Copy each line of the listing below exactly and drop the images.

[INPUT DATA]
##############################
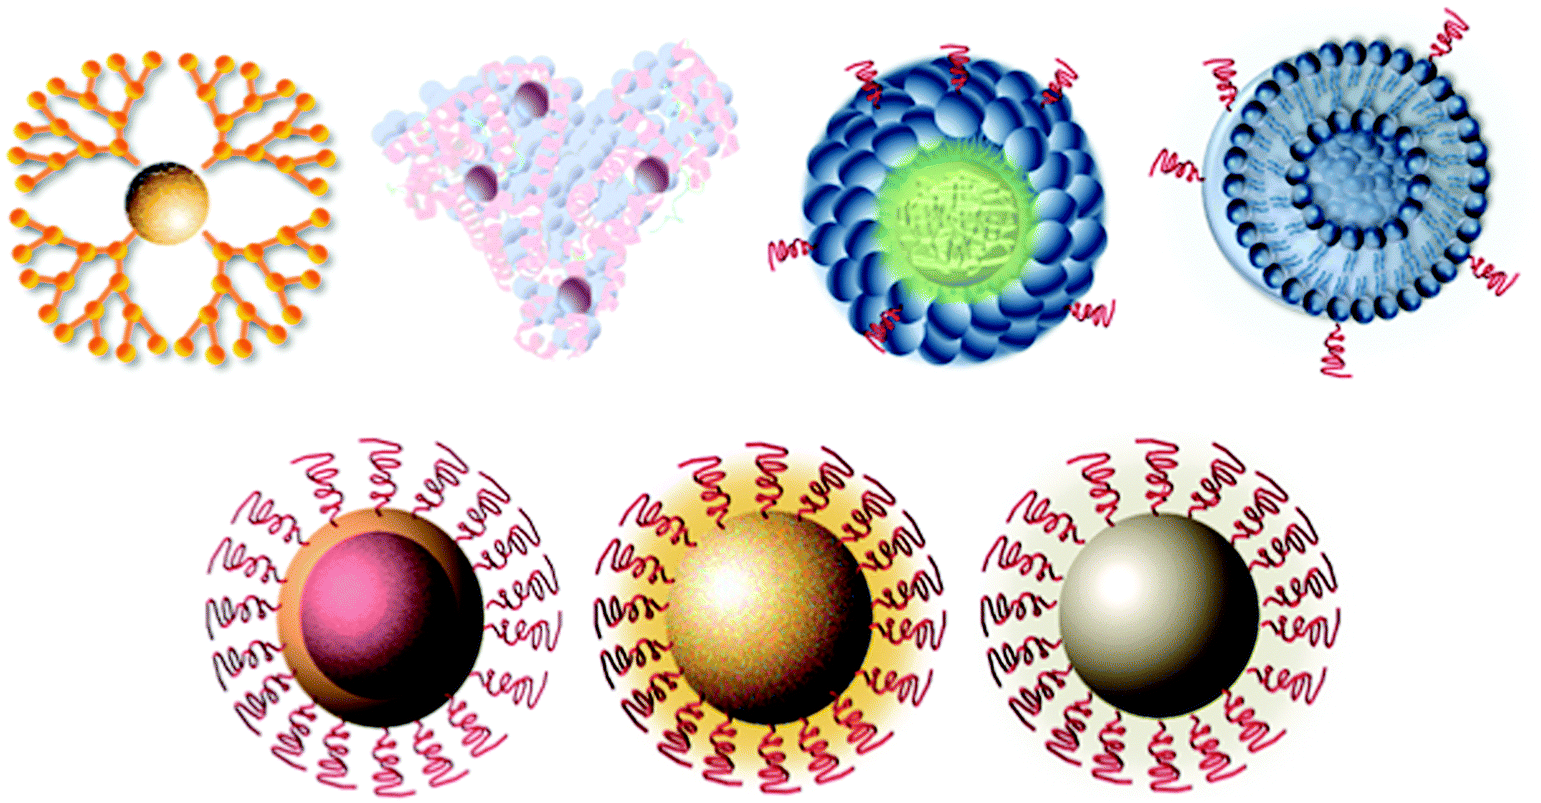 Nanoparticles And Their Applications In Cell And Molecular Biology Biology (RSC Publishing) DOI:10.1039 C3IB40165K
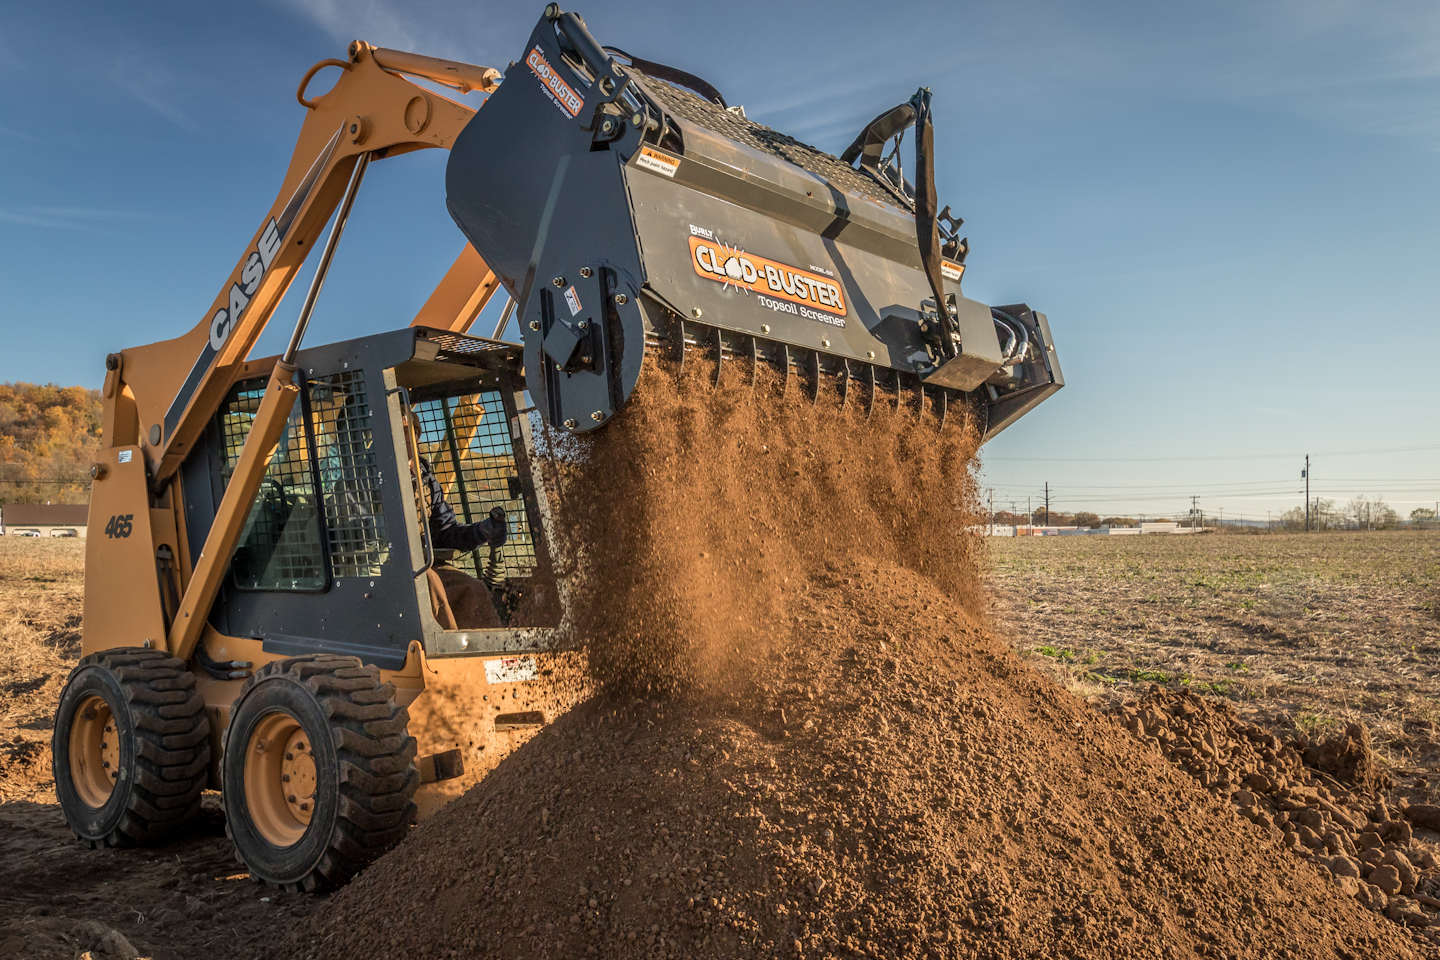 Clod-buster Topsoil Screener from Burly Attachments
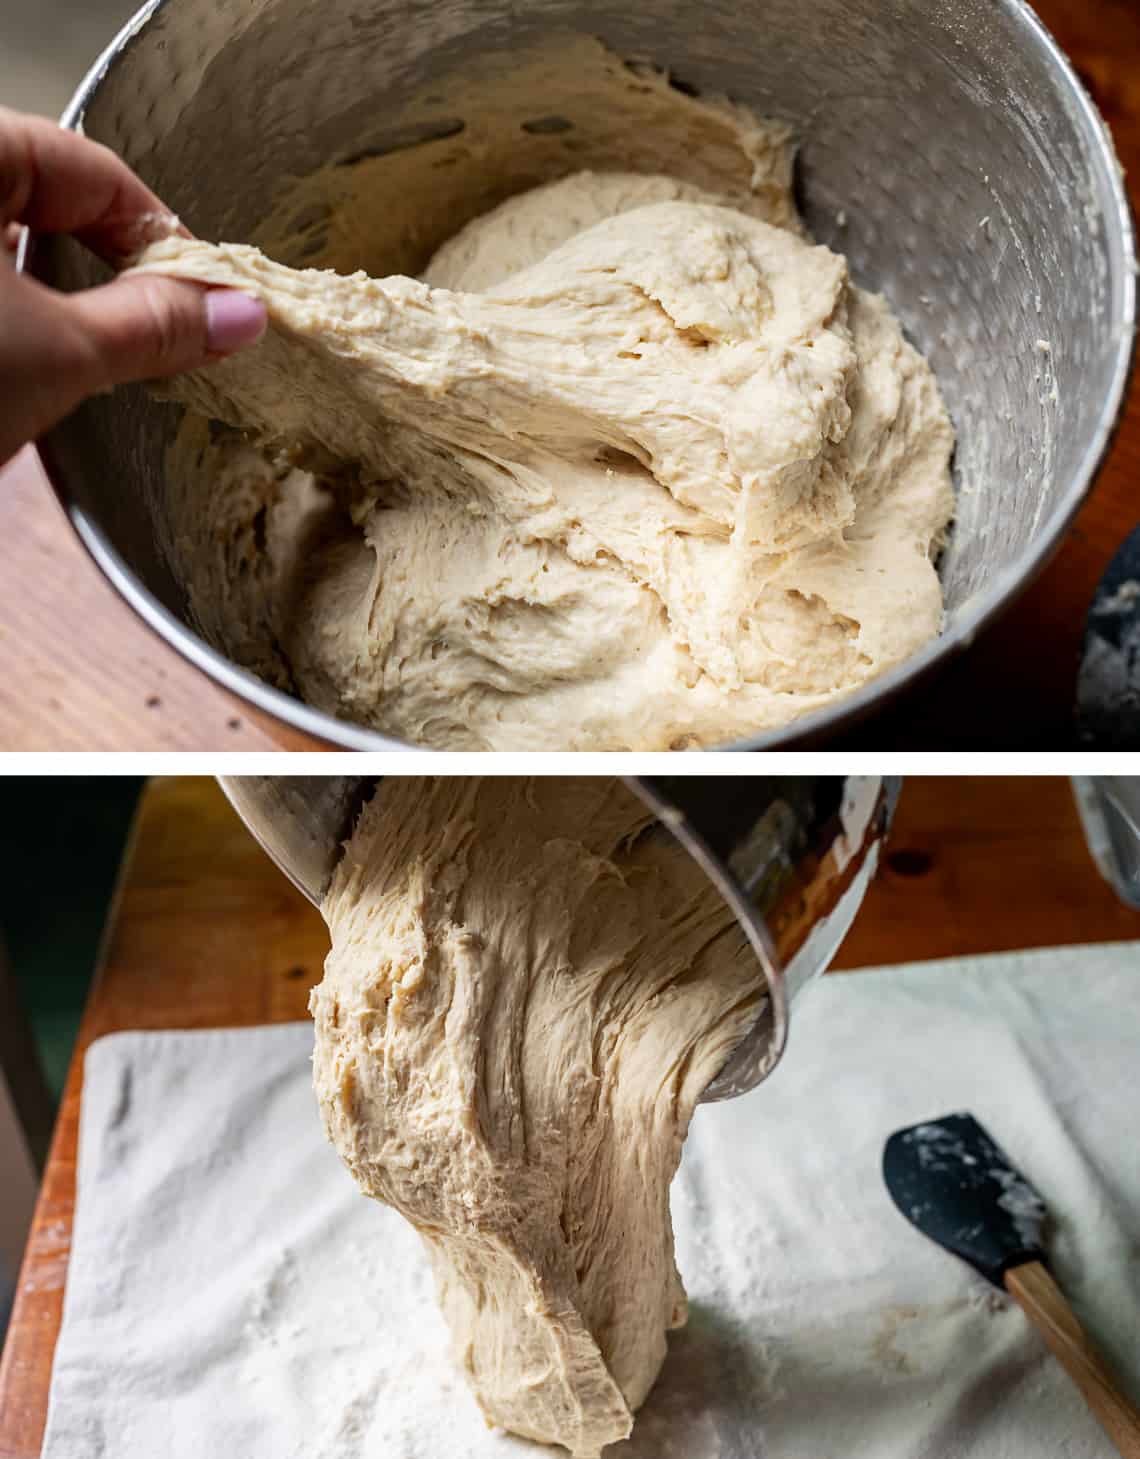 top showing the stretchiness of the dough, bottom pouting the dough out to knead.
##############################
[SOLUTION TO THE EXERCISE]
 Nanoparticles And Their Applications In Cell And Molecular Biology Biology (RSC Publishing) DOI:10.1039 C3IB40165K
 Clod-buster Topsoil Screener from Burly Attachments
 top showing the stretchiness of the dough, bottom pouting the dough out to knead.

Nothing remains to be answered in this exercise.